PROBLEM REQUIREMENTS ::
Scan the records below for the line with "Sith Trooper Star" and the line with "M 6191 VR Knot 10 Yacht Sales". Repeat those two lines and every line between them exactly, and nothing else.

Records from a dataset
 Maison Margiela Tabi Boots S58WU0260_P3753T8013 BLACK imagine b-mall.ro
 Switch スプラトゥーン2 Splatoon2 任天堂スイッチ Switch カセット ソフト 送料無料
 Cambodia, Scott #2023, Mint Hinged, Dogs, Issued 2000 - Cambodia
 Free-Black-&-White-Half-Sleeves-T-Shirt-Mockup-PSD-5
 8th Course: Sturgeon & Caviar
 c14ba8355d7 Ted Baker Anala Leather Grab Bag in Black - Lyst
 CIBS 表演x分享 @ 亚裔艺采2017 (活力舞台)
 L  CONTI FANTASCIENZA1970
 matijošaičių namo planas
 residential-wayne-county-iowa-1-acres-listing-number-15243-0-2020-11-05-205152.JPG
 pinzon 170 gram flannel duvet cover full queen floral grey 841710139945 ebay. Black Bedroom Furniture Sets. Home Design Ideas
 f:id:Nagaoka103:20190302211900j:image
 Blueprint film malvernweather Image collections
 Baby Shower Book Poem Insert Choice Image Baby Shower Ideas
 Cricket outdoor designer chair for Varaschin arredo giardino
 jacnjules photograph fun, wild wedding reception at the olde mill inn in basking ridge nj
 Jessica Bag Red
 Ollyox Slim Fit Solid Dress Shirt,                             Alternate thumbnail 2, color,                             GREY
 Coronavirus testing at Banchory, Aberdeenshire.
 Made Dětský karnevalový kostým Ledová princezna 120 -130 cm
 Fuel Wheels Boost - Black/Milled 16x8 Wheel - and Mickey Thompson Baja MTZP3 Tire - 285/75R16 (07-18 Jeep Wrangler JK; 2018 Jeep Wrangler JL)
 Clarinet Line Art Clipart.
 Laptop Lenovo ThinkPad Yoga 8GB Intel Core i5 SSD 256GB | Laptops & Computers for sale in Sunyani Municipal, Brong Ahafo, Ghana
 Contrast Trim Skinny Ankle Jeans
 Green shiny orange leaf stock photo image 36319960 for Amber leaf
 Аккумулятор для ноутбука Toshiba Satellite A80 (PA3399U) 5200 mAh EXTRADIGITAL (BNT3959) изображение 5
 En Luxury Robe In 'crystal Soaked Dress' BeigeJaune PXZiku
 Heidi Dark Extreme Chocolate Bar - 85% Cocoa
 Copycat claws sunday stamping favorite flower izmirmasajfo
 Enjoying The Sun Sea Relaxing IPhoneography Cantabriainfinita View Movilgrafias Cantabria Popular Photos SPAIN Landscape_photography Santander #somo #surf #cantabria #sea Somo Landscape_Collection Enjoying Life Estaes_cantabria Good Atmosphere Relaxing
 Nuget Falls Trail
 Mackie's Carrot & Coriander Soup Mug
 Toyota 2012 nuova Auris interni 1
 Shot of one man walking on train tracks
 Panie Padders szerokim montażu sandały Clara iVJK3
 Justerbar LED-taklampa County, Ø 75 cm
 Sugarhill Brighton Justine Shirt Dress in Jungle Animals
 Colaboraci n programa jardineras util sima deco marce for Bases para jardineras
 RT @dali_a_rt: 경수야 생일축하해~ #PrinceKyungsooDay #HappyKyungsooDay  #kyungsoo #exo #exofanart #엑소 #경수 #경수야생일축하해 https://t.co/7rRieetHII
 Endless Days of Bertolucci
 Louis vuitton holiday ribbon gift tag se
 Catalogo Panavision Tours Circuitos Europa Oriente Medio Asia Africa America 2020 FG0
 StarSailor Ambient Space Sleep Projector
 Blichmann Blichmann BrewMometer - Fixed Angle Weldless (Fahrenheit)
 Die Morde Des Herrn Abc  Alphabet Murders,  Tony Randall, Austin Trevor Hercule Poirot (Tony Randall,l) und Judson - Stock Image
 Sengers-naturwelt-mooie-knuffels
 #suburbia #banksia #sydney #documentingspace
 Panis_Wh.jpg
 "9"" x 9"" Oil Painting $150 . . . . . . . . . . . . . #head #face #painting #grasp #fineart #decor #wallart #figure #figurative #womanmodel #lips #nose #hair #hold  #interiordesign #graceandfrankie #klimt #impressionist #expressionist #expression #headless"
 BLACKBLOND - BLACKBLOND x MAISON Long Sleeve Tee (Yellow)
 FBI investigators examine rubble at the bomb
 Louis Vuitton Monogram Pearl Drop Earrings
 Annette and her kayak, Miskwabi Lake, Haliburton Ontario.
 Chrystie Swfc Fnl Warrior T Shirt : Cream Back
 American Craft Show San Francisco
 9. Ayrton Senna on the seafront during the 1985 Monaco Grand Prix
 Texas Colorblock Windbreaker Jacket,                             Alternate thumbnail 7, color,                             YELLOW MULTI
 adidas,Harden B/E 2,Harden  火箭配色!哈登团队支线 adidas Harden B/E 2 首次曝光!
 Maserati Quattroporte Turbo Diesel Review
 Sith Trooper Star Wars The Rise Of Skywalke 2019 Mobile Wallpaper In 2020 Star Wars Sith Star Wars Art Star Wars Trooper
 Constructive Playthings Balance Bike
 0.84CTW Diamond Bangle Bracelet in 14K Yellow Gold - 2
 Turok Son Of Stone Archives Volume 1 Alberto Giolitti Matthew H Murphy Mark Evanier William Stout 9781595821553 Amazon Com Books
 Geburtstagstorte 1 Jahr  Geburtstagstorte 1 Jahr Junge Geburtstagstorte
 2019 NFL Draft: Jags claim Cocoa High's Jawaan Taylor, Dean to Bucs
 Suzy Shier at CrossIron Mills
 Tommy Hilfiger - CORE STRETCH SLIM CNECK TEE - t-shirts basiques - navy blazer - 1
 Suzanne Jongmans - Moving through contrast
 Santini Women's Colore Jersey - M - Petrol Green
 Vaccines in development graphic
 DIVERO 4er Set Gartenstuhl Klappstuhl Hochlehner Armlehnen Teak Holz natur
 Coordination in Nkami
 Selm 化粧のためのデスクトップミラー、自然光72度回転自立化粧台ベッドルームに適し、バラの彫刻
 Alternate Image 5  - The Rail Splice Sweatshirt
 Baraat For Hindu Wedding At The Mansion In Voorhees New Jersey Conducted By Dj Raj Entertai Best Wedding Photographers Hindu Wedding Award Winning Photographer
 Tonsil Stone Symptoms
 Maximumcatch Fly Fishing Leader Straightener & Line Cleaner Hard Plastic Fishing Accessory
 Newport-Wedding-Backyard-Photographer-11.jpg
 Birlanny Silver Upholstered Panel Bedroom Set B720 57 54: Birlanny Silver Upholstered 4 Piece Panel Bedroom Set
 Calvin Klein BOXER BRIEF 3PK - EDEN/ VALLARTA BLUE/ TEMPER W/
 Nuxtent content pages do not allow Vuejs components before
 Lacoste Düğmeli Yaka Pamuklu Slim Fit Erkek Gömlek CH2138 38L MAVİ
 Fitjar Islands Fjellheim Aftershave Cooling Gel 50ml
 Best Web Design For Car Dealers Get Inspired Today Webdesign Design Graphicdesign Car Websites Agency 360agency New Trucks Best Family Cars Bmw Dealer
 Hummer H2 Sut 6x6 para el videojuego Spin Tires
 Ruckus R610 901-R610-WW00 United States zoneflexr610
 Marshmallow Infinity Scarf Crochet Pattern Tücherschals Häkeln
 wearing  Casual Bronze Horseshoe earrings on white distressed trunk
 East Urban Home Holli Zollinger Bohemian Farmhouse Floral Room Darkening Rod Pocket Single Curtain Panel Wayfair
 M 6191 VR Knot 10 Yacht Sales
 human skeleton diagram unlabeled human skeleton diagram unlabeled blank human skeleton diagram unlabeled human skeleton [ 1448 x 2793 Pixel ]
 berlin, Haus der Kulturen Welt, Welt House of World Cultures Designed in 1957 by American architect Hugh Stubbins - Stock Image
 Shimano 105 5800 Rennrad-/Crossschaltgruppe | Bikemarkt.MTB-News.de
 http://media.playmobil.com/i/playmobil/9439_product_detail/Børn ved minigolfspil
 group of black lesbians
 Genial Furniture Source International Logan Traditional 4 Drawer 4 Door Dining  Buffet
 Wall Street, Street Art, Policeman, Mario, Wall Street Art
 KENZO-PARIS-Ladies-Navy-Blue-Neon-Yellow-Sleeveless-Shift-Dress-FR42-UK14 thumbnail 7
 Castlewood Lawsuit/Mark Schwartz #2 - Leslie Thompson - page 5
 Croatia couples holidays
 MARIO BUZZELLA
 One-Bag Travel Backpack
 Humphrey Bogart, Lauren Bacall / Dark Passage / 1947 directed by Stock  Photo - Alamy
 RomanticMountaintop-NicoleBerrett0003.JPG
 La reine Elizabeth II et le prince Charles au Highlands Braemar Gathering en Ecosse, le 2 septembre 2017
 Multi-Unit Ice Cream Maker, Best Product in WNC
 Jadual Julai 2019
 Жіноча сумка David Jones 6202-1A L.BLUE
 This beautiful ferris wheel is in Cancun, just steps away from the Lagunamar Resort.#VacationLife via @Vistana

REPLY TO THE TASK ::
 Sith Trooper Star Wars The Rise Of Skywalke 2019 Mobile Wallpaper In 2020 Star Wars Sith Star Wars Art Star Wars Trooper
 Constructive Playthings Balance Bike
 0.84CTW Diamond Bangle Bracelet in 14K Yellow Gold - 2
 Turok Son Of Stone Archives Volume 1 Alberto Giolitti Matthew H Murphy Mark Evanier William Stout 9781595821553 Amazon Com Books
 Geburtstagstorte 1 Jahr  Geburtstagstorte 1 Jahr Junge Geburtstagstorte
 2019 NFL Draft: Jags claim Cocoa High's Jawaan Taylor, Dean to Bucs
 Suzy Shier at CrossIron Mills
 Tommy Hilfiger - CORE STRETCH SLIM CNECK TEE - t-shirts basiques - navy blazer - 1
 Suzanne Jongmans - Moving through contrast
 Santini Women's Colore Jersey - M - Petrol Green
 Vaccines in development graphic
 DIVERO 4er Set Gartenstuhl Klappstuhl Hochlehner Armlehnen Teak Holz natur
 Coordination in Nkami
 Selm 化粧のためのデスクトップミラー、自然光72度回転自立化粧台ベッドルームに適し、バラの彫刻
 Alternate Image 5  - The Rail Splice Sweatshirt
 Baraat For Hindu Wedding At The Mansion In Voorhees New Jersey Conducted By Dj Raj Entertai Best Wedding Photographers Hindu Wedding Award Winning Photographer
 Tonsil Stone Symptoms
 Maximumcatch Fly Fishing Leader Straightener & Line Cleaner Hard Plastic Fishing Accessory
 Newport-Wedding-Backyard-Photographer-11.jpg
 Birlanny Silver Upholstered Panel Bedroom Set B720 57 54: Birlanny Silver Upholstered 4 Piece Panel Bedroom Set
 Calvin Klein BOXER BRIEF 3PK - EDEN/ VALLARTA BLUE/ TEMPER W/
 Nuxtent content pages do not allow Vuejs components before
 Lacoste Düğmeli Yaka Pamuklu Slim Fit Erkek Gömlek CH2138 38L MAVİ
 Fitjar Islands Fjellheim Aftershave Cooling Gel 50ml
 Best Web Design For Car Dealers Get Inspired Today Webdesign Design Graphicdesign Car Websites Agency 360agency New Trucks Best Family Cars Bmw Dealer
 Hummer H2 Sut 6x6 para el videojuego Spin Tires
 Ruckus R610 901-R610-WW00 United States zoneflexr610
 Marshmallow Infinity Scarf Crochet Pattern Tücherschals Häkeln
 wearing  Casual Bronze Horseshoe earrings on white distressed trunk
 East Urban Home Holli Zollinger Bohemian Farmhouse Floral Room Darkening Rod Pocket Single Curtain Panel Wayfair
 M 6191 VR Knot 10 Yacht Sales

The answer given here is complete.